= Holger Scheuermann =

Danish surgeon (1877–1960)

Holger Werfel Scheuermann (12 February 1877 – 3 March 1960) was a Danish surgeon after whom Scheuermann's disease is named.

== Biography ==
Scheuermann was born into a medical family in Hørsholm, a small town between Copenhagen and Øresund. He began his studies in 1895 and graduated in medicine at the University of Copenhagen in 1902. He then spent his hospital service in Copenhagen at the Frederiks Hospital, at Sankt Johannesstiftelsen, as well as Rigshospitalet. At Rigshospitalet he was assistant at the departments of roentgenology and massage. Scheuermann trained in orthopaedic surgery and radiology, becoming a specialist in orthopaedics and radiology in 1918.
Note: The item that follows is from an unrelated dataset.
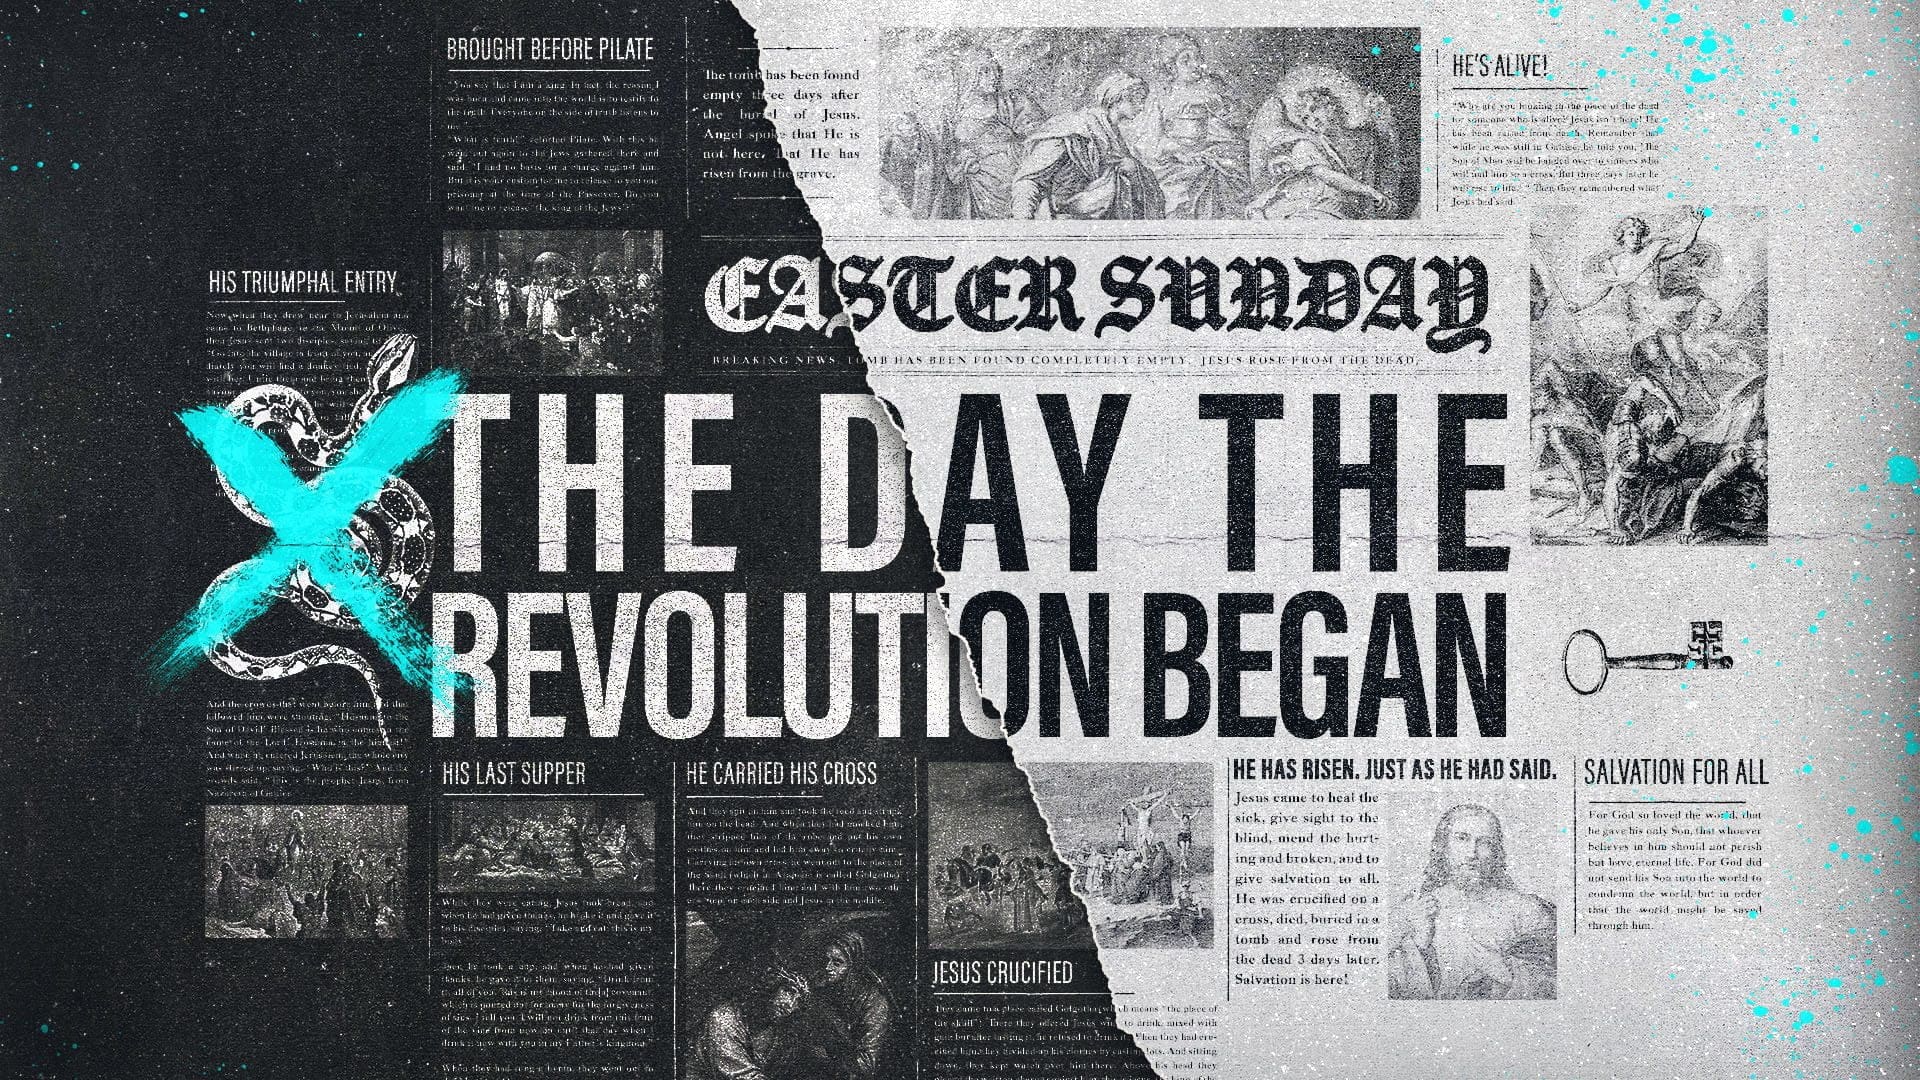 The Day the Revolution Began Image

From 1910 to 1919 he was 1st assistant surgeon at the Copenhagen Home for the Crippled and then became director of radiology at the military and Sundby Hospitals, and head physician to the navy. He undertook several study travels to Germany, Austria and Sweden, and was chairman of the Danske Røntgenologers Forening from 1920 until 1922, and of Dansk Radiologisk Selskab from 1933 to 1934. He also became a corresponding member of the American Academy of Orthopaedic Surgeons in 1936, the same year he was made a knight of the Order of the Dannebrog (Dannebrog is the name of the Danish flag).

After his retirement in 1947 he continued in private radiological practice for many years. In 1959 he received his doctoral degree, honoris causa, from the University of Copenhagen, nearly 40 years after his original submission.

Scheuermann died in 1960 in Copenhagen.